The results of this permutation analysis suggest that during the free viewing intervals of the current task, image salience is a better predictor of gaze compared to semantic salience. The observation that the corresponding image and gaze analysis for GLoVe is lower than the midpoint of the null distribution suggests that subjects tend to look at incongruent, or unexpected semantic objects, implying subjects are actively looking at objects that are not relevant to the scene, although this effect was not significant.

Model summary

Fig 4 shows the overall AUROC for each model, averaged across observers and N-back levels. Overall, the image salience algorithm outperformed the semantic salience model, with a higher average mean AUROC (.731) and lower average standard deviation of AUROC (.079) across subjects. Fixation predictions from the GloVe model did not differ from chance, with a mean AUROC of .458, and had a higher standard deviation of AUROC (.118), demonstrating more variance overall across all subjects. A paired samples t-test shows that these groups are significantly different in both mean (t(29) = 40.662, p < .001) and standard deviation (t(29) = -16.726, p < .001). The results suggest that image salience models provide a better prediction of gaze guidance than the language-based semantic model for this task.

GBVS

Fig 5 shows the area under the ROC (AUROC) for GBVS as a function of N-back for each subject (faint grey) and as box plots for all subjects.

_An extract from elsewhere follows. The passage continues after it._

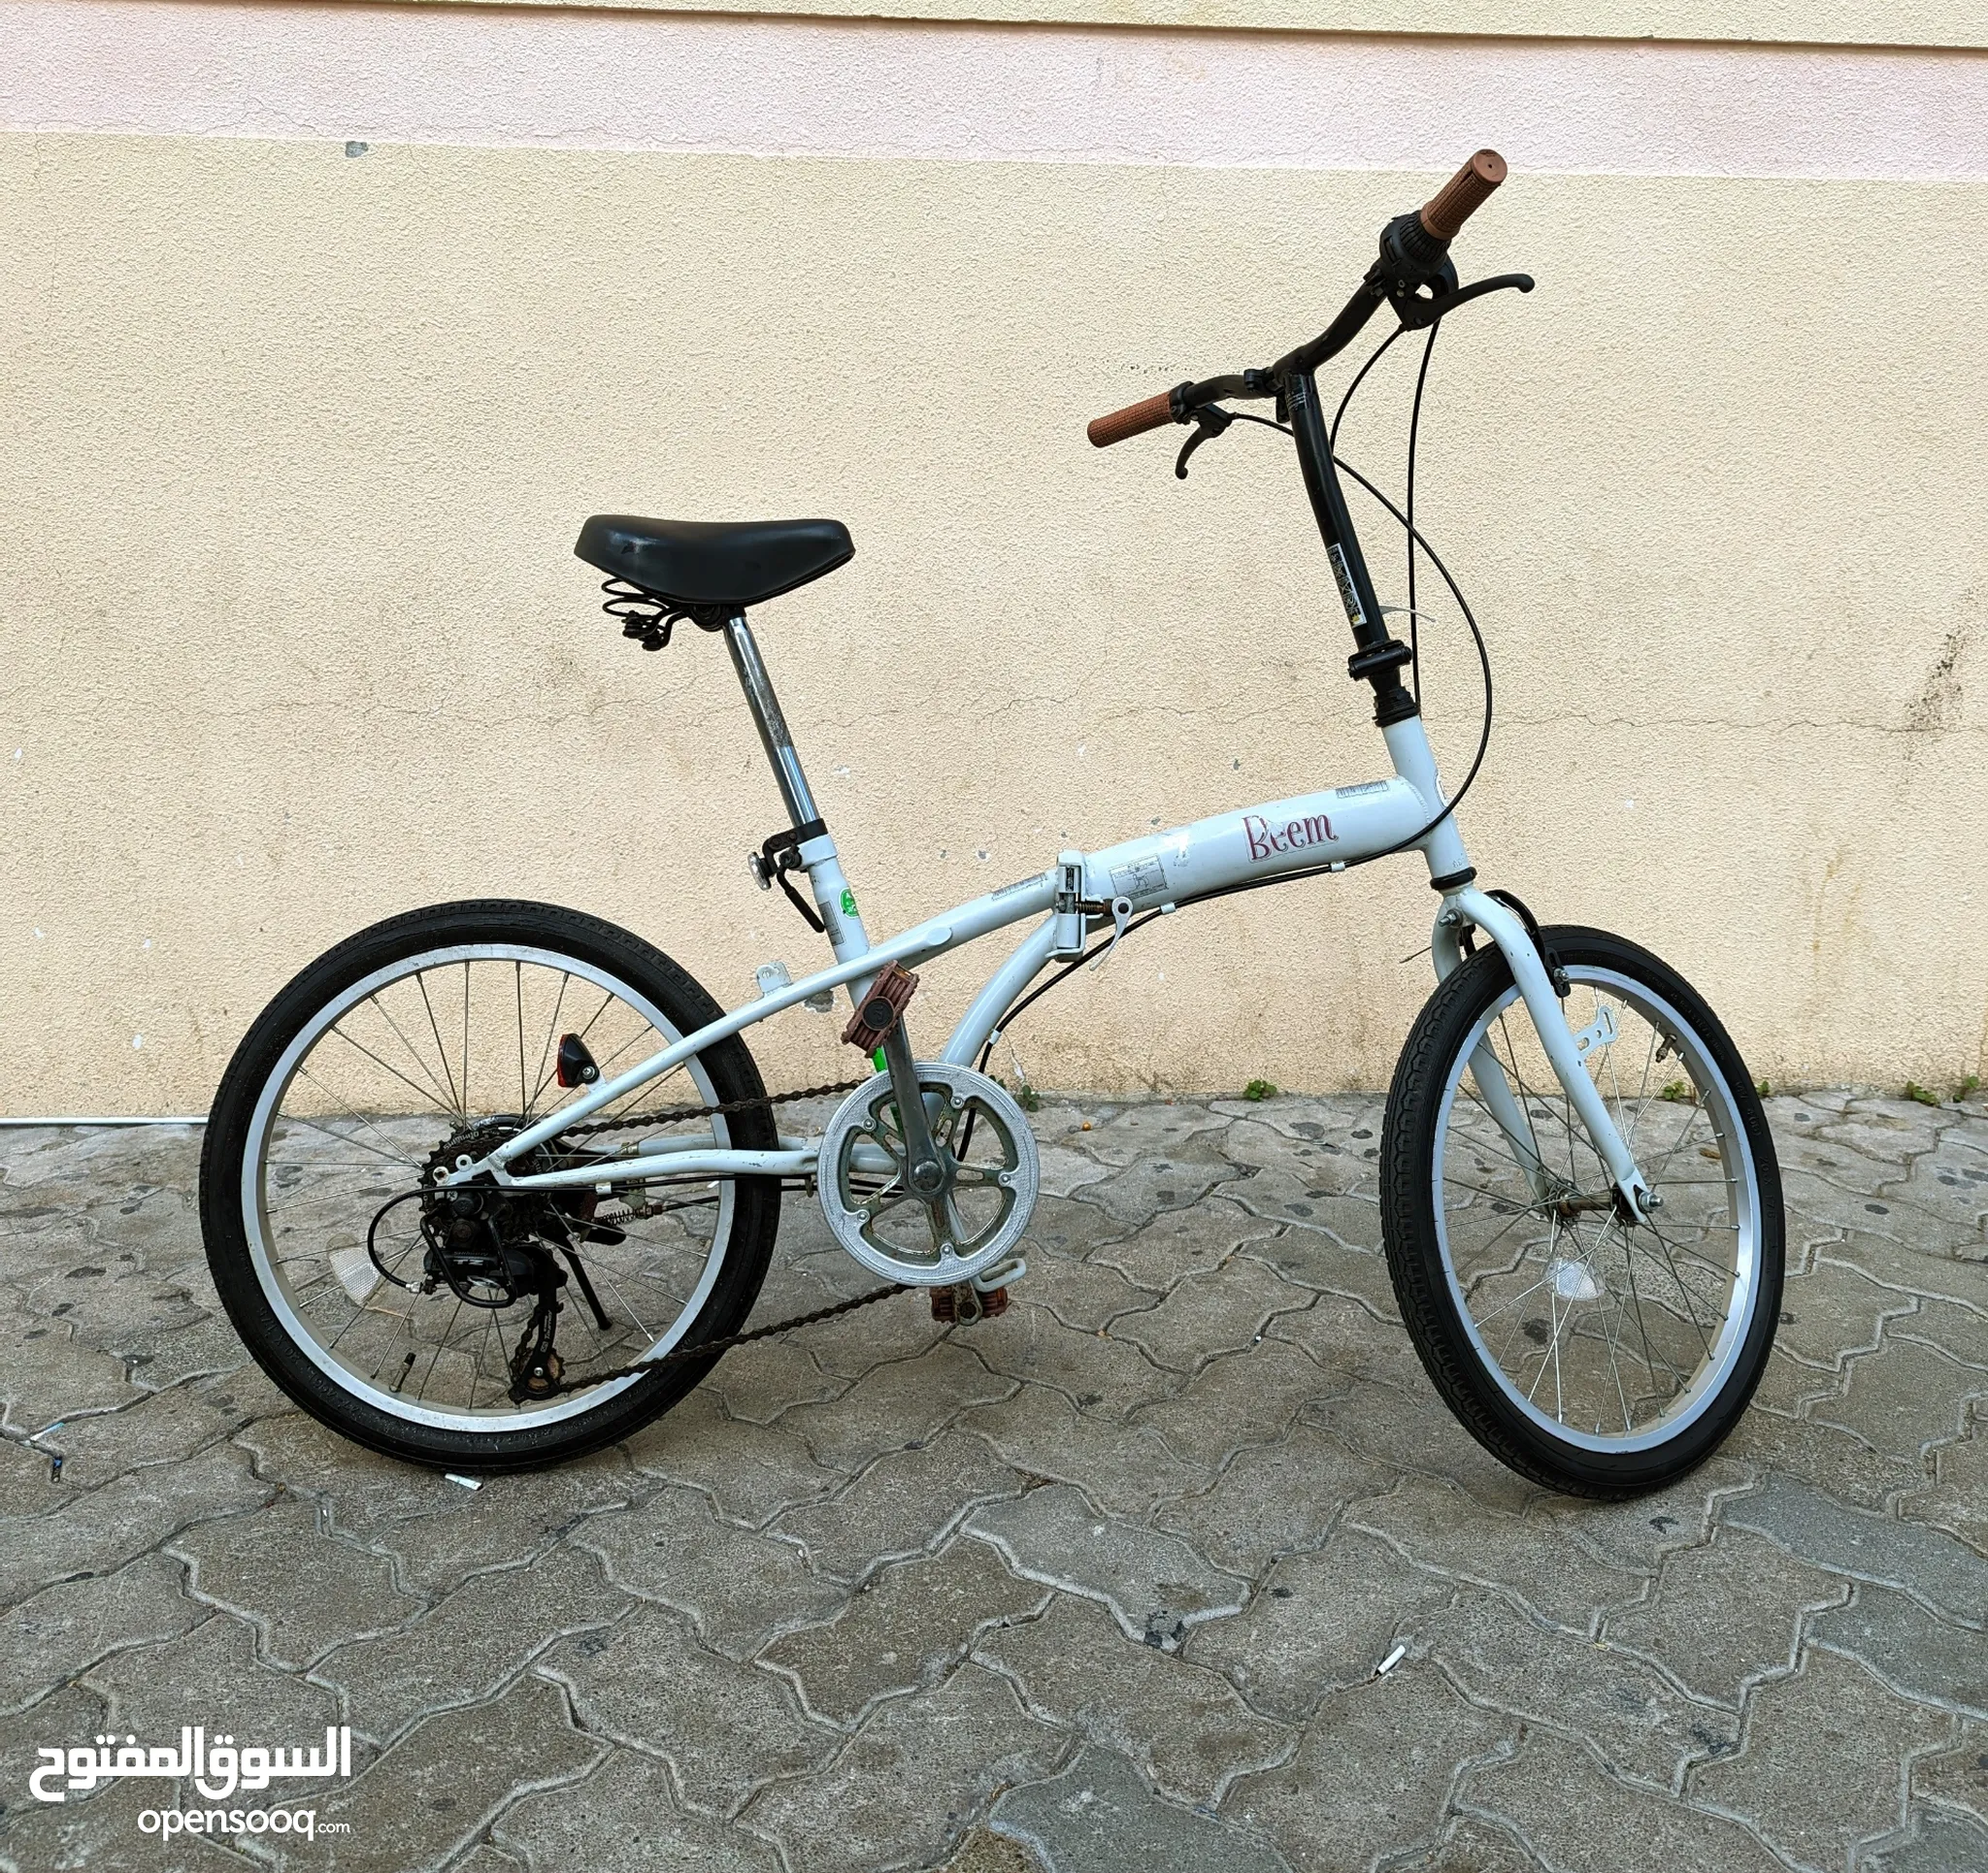 دراجات هوائية للبيع : دراجات على الطرق : جبلية : للأطفال : قطع غيار  واكسسوار : ارخص الاسعار في الإمارات | السوق المفتوح
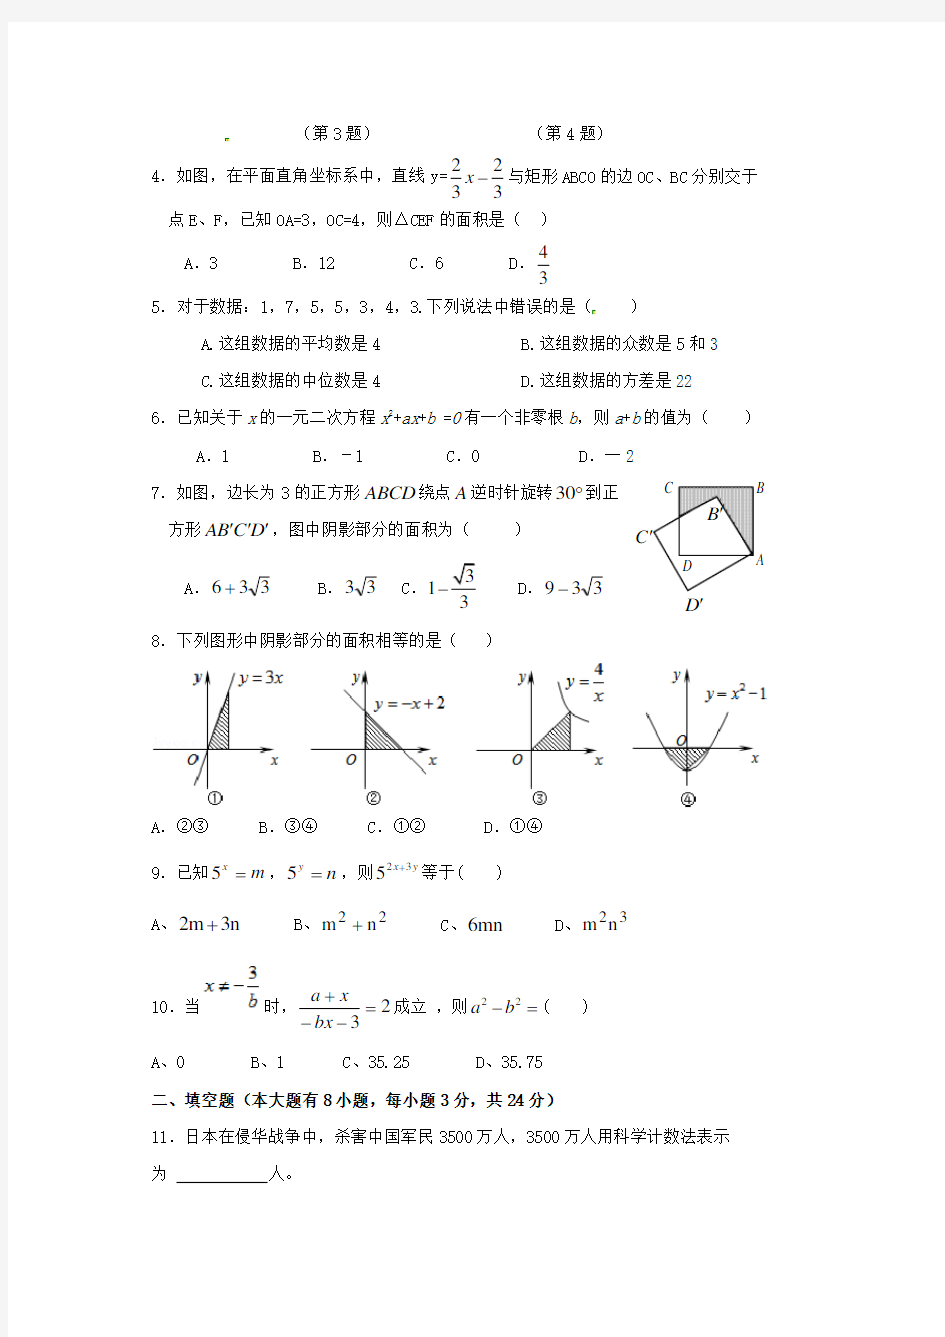 【2021年】湖南省中考数学真题预测2套(含答案)

A linear mixed effects model analysis showed a significant effect of N-back for GBVS (X2(1, N = 30) = 8.256, p < .01). This demonstrates that as subjects reach higher N-backs (or as cognitive load increases), gaze is guided more by low-level image salience features. This also suggests that the gaze of subjects who excel at this cognitive load task (those reaching higher N-backs, or those who have high cognitive load capacities), are guided more by low-level image salience features than those who have lower cognitive load capacities.

There were large individual differences in task performance, with subjects reaching a maximum N-back between 2 and 10, with a median of 5 [35]. We therefore used the trials on which each subject reached their individual highest N-back as their maximum load, and N-back = 0 as the lowest load for each subject. Fig 7A shows the image salience model AUROC for minimum and maximum load for each subject (faint grey) and as box plots for all subjects. There was a trend upwards for image salience from minimum to maximum individualized N-back across subjects, however this did not reach significance (t(29) = -1.975, p = .058). This is consistent with a trend in which gaze becomes more biased towards salient low-level image features as cognitive load increased in the present task.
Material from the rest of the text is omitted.